The significantly (p < 0.002) higher incidence of stump wound infection in patients with haematocrit level less than 30 % on admission is expected because a previous study has demonstrated that tissue oxygen tension correlated inversely with the risk of surgical wound infection [7]. Haemoglobin amongst other factors (cardiac output, local perfusion, etc.) is known to influence tissue oxygenation and perfusion [16]. This underlines the need for prompt fluid and blood replacement in resuscitation of these patients to reduce the incidence of stump wound infection and its associated morbidity.
Although the number of patients in this study was relatively small and data analysed derived from a retrospective database, the result from logistic regression analysis is quite strong; crushing form of amputation was significantly and independently associated with stump wound infection.
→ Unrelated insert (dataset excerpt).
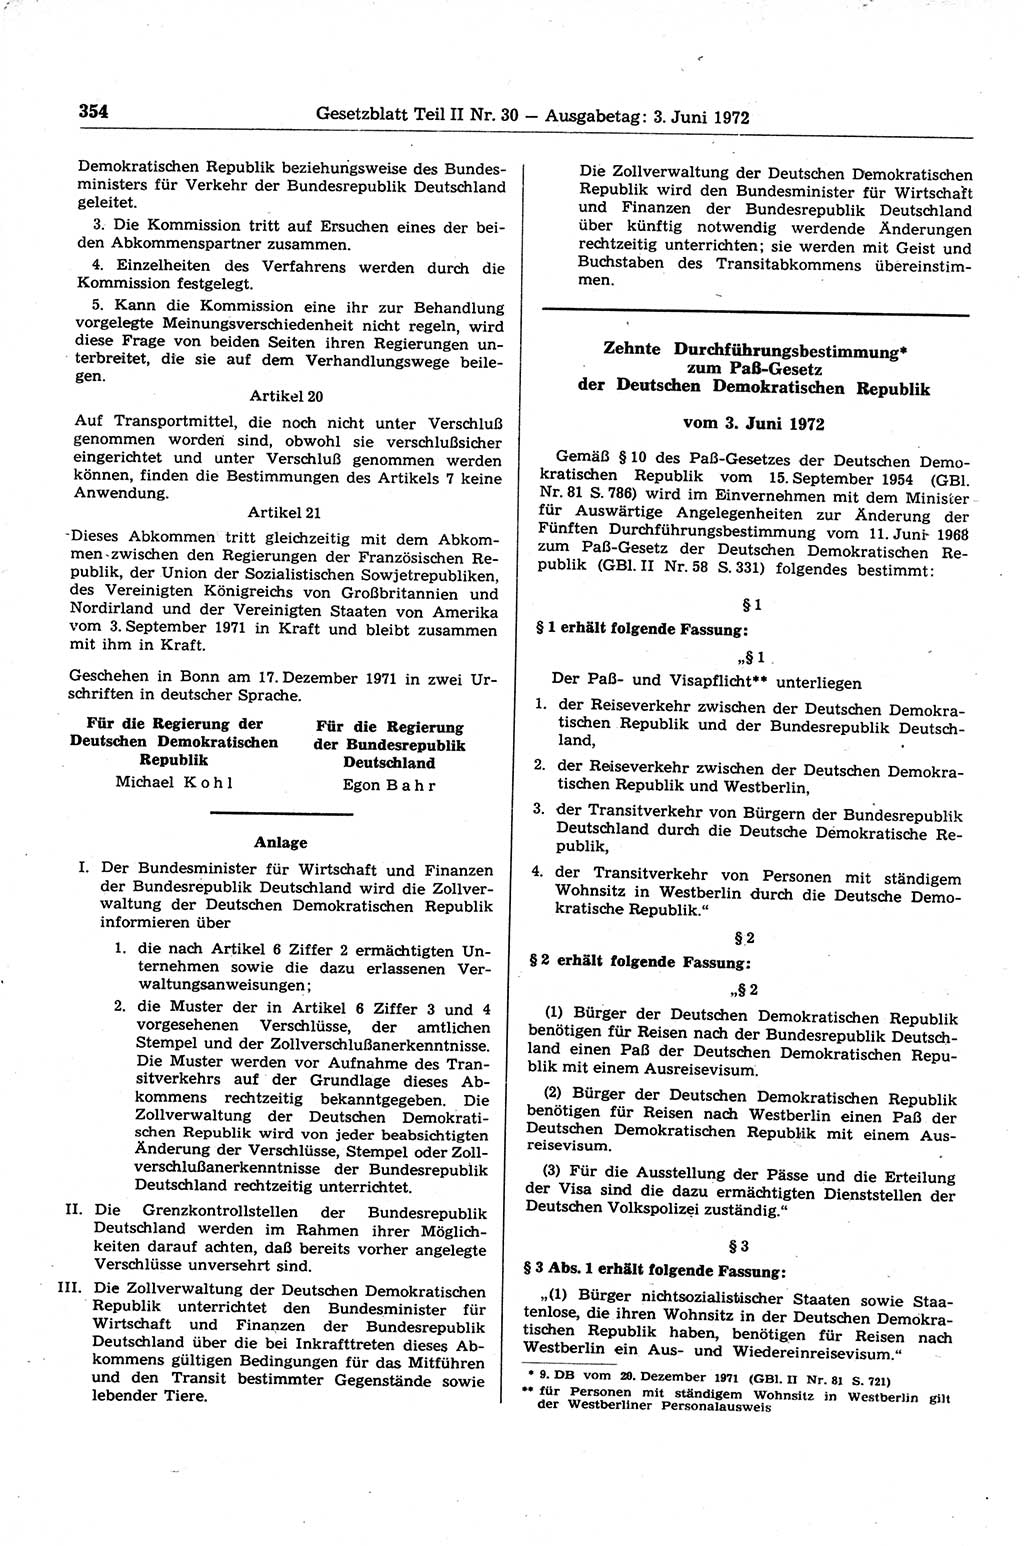 Gesetzblatt (GBl.) der Deutschen Demokratischen Republik (DDR) Teil ⅠⅠ 1972, Seite 354 (GBl. DDR ⅠⅠ 1972, S. 354)
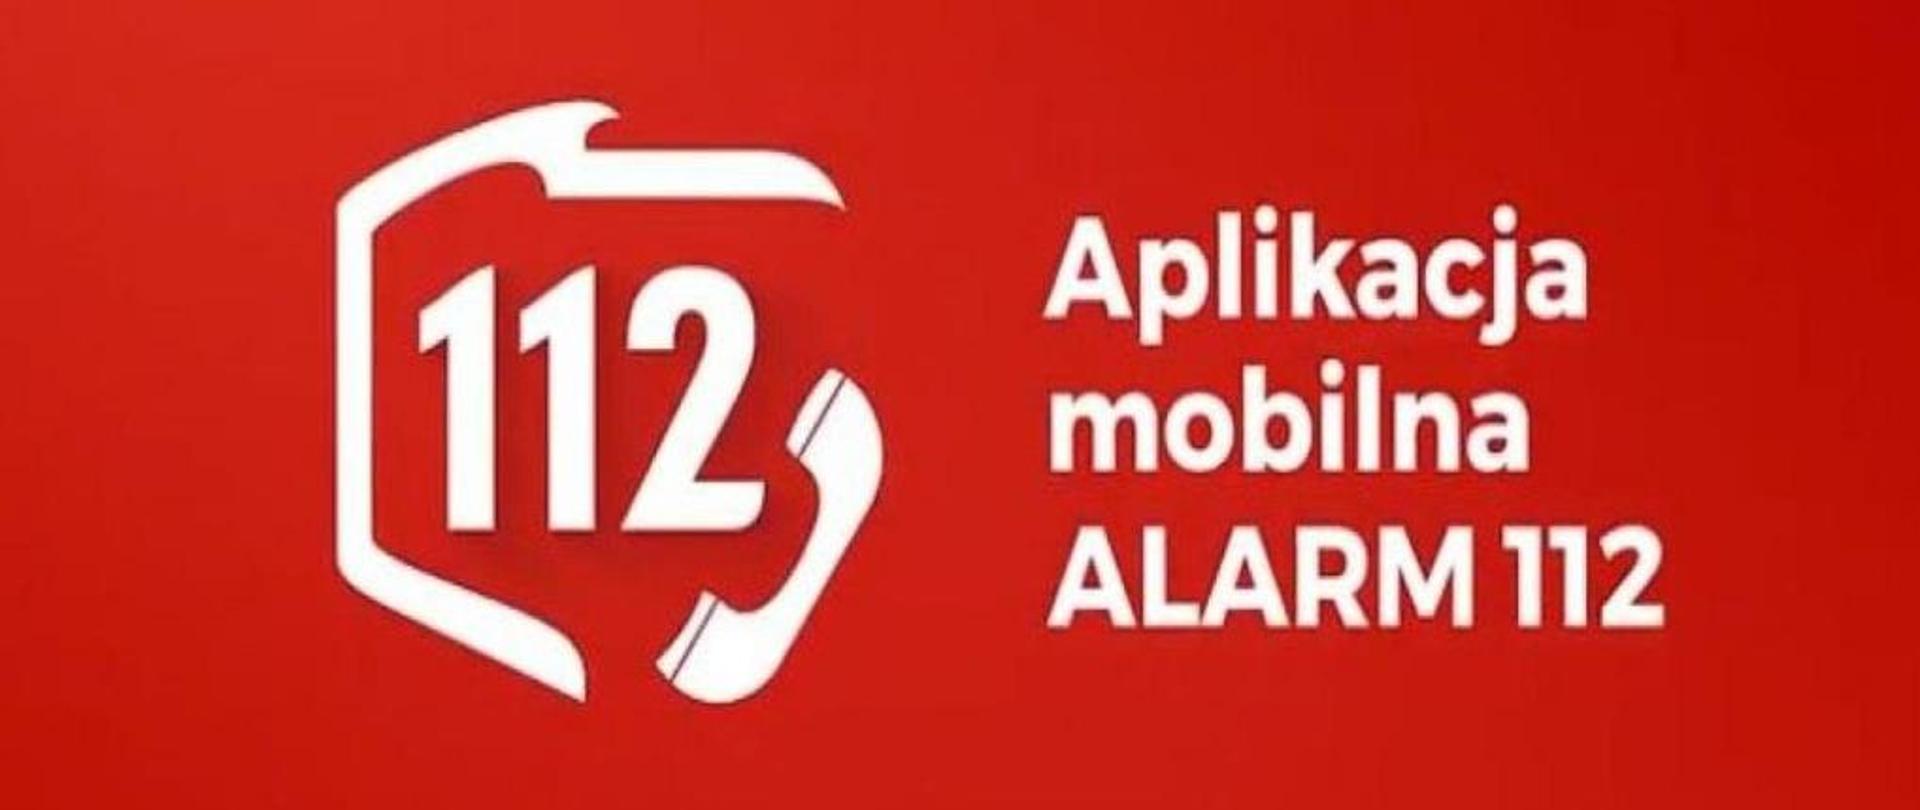 Aplikacja mobilna Alarm112, zarys granic Polski, a wewnątrz zarysu numer ratunkowy 112

There are limited published studies on traumatic extremity amputation stump wound infection, and this is the first to determine the associated risk factors that can be used as a starting point for further research.
Conclusion
In traumatic extremity amputation, injury characteristics and aetiology, patient’s haematocrit level, timing of presentation and appropriate intervention are factors significantly associated with incidence of stump wound infection. However, crushing form of amputation being the only independent predictor of stump wound infection should be accorded a high priority in interventions aimed at reducing infection rate.
Acknowledgments
Conflict of interest
The authors declare they have no conflicts of interest.